DATA EXCERPT below:

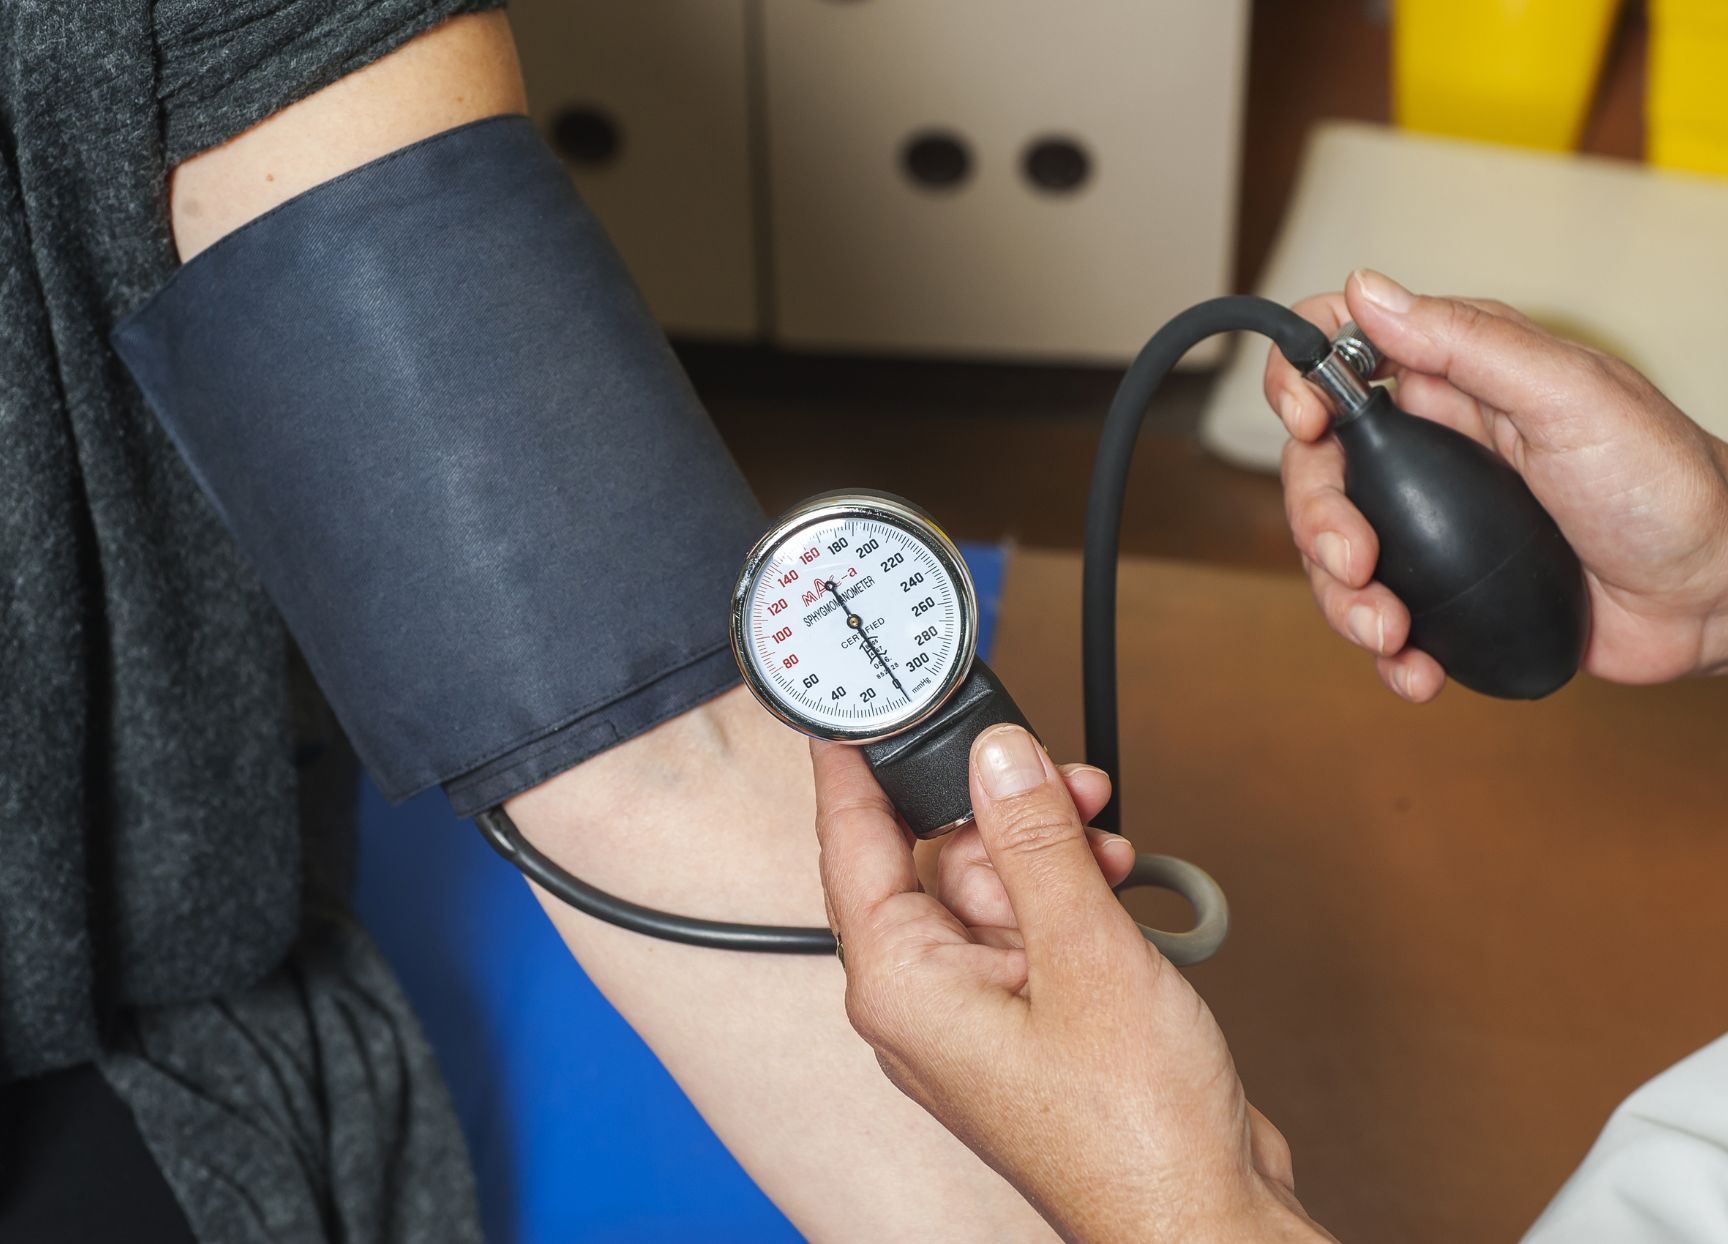 Can You Take Painkillers When You Have High Blood Pressure?
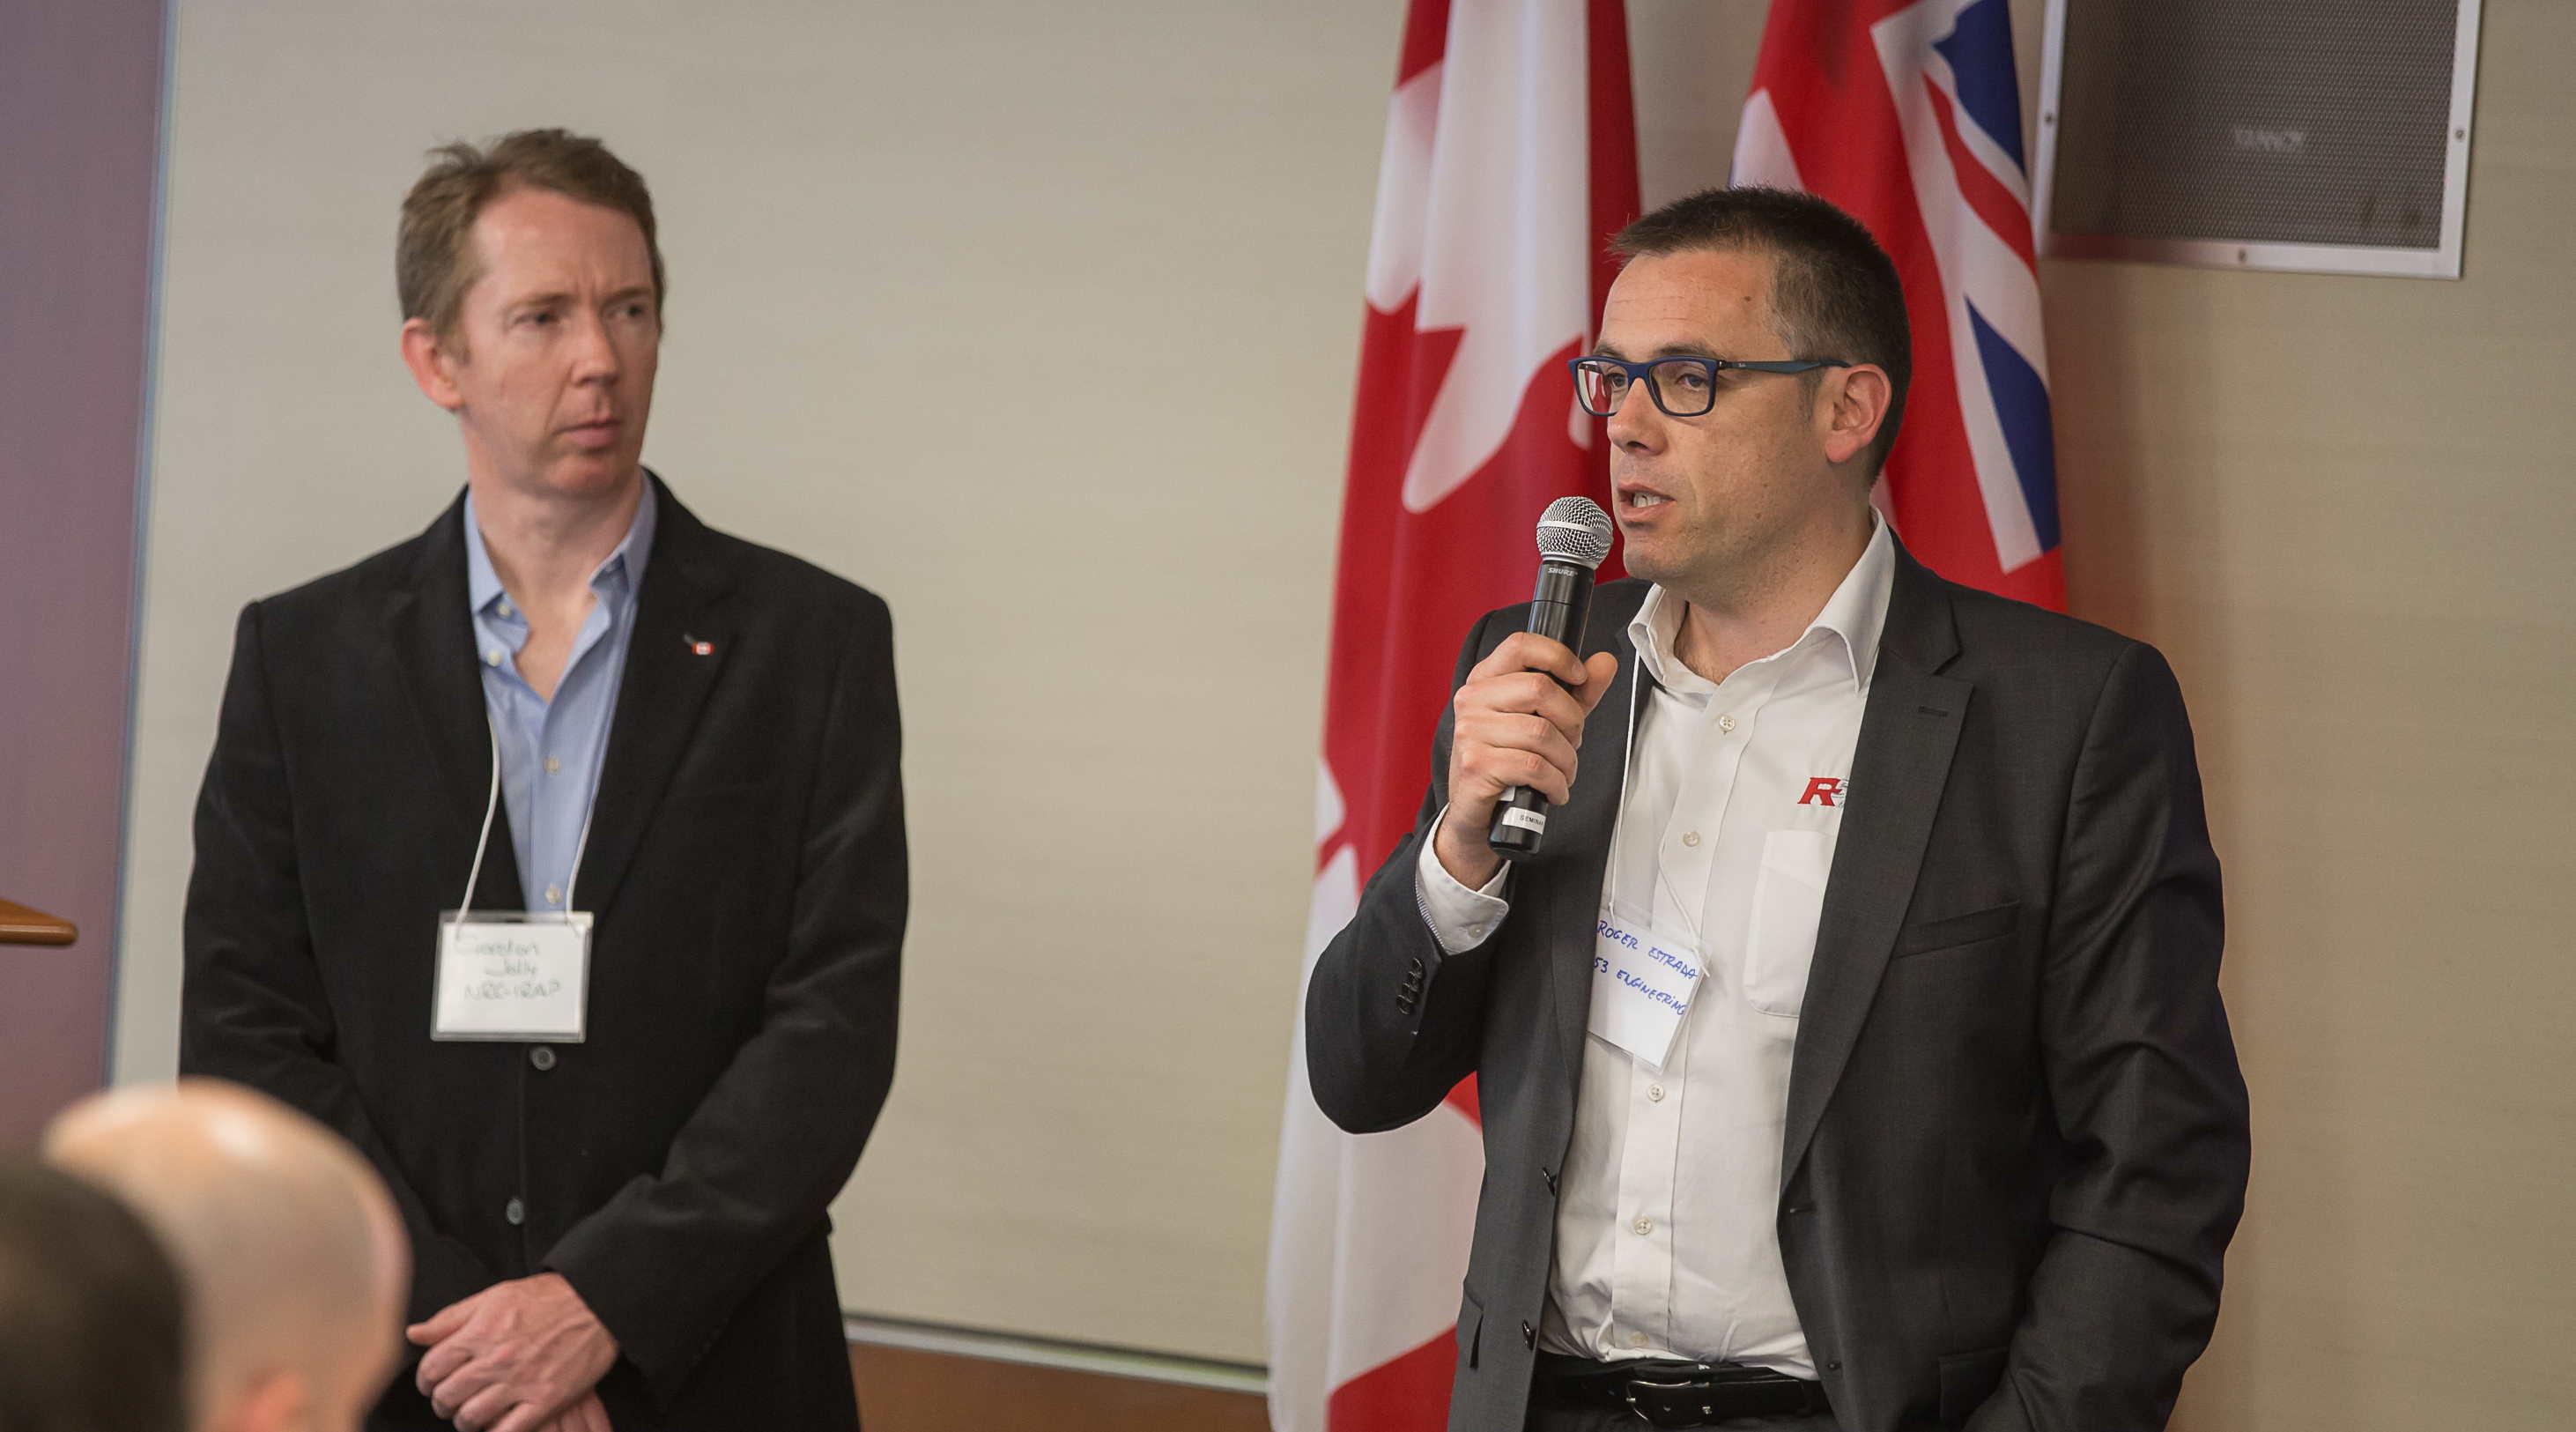 Roger Estrada, CEO of R53 Engineering, using a microphone to address an event during the GBIP visit to Canada. Looking on (left) is Gordon Jolly, ‎Industrial Technology Advisor - ‎National Research Council Canada. UK and Canadian flags on the wall behind.
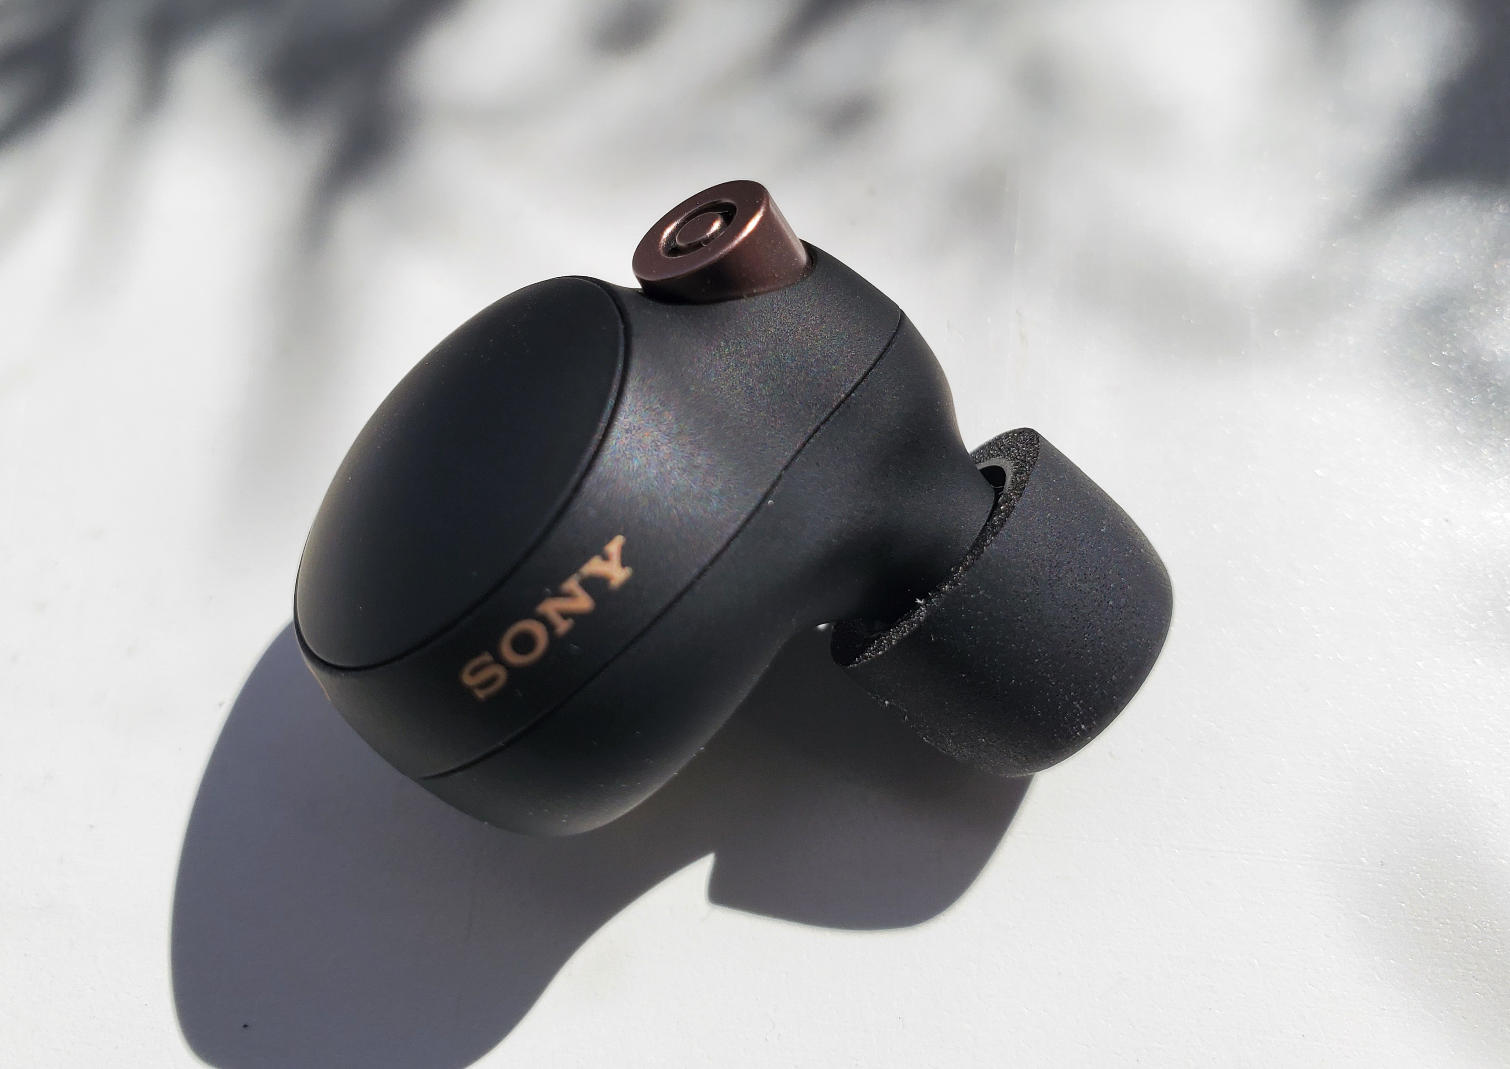 Sony WF-1000XM4 earbuds review: Superb noise cancellation, clear calls, and  long battery life
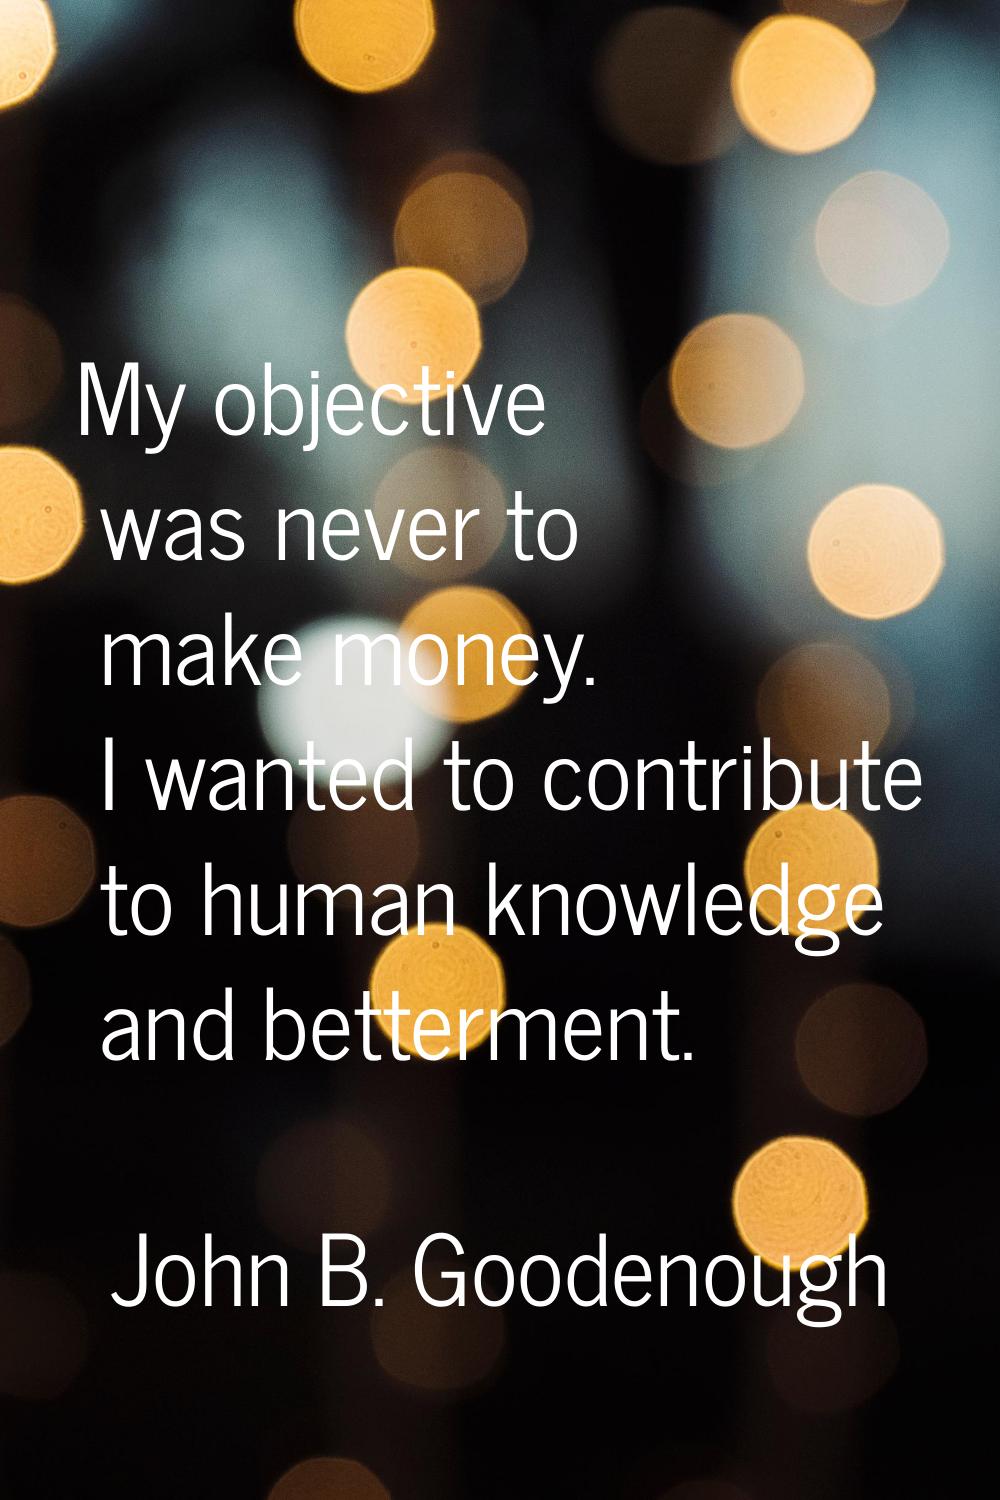 My objective was never to make money. I wanted to contribute to human knowledge and betterment.

End of DATA EXCERPT.

# WHAT YOU ARE ASKED TO DO
The listing should be transcribed exactly. No picture is to appear in the transcription.

# PROBLEM SOLUTION
 Can You Take Painkillers When You Have High Blood Pressure?
 Roger Estrada, CEO of R53 Engineering, using a microphone to address an event during the GBIP visit to Canada. Looking on (left) is Gordon Jolly, ‎Industrial Technology Advisor - ‎National Research Council Canada. UK and Canadian flags on the wall behind.
 Sony WF-1000XM4 earbuds review: Superb noise cancellation, clear calls, and  long battery life
 My objective was never to make money. I wanted to contribute to human knowledge and betterment.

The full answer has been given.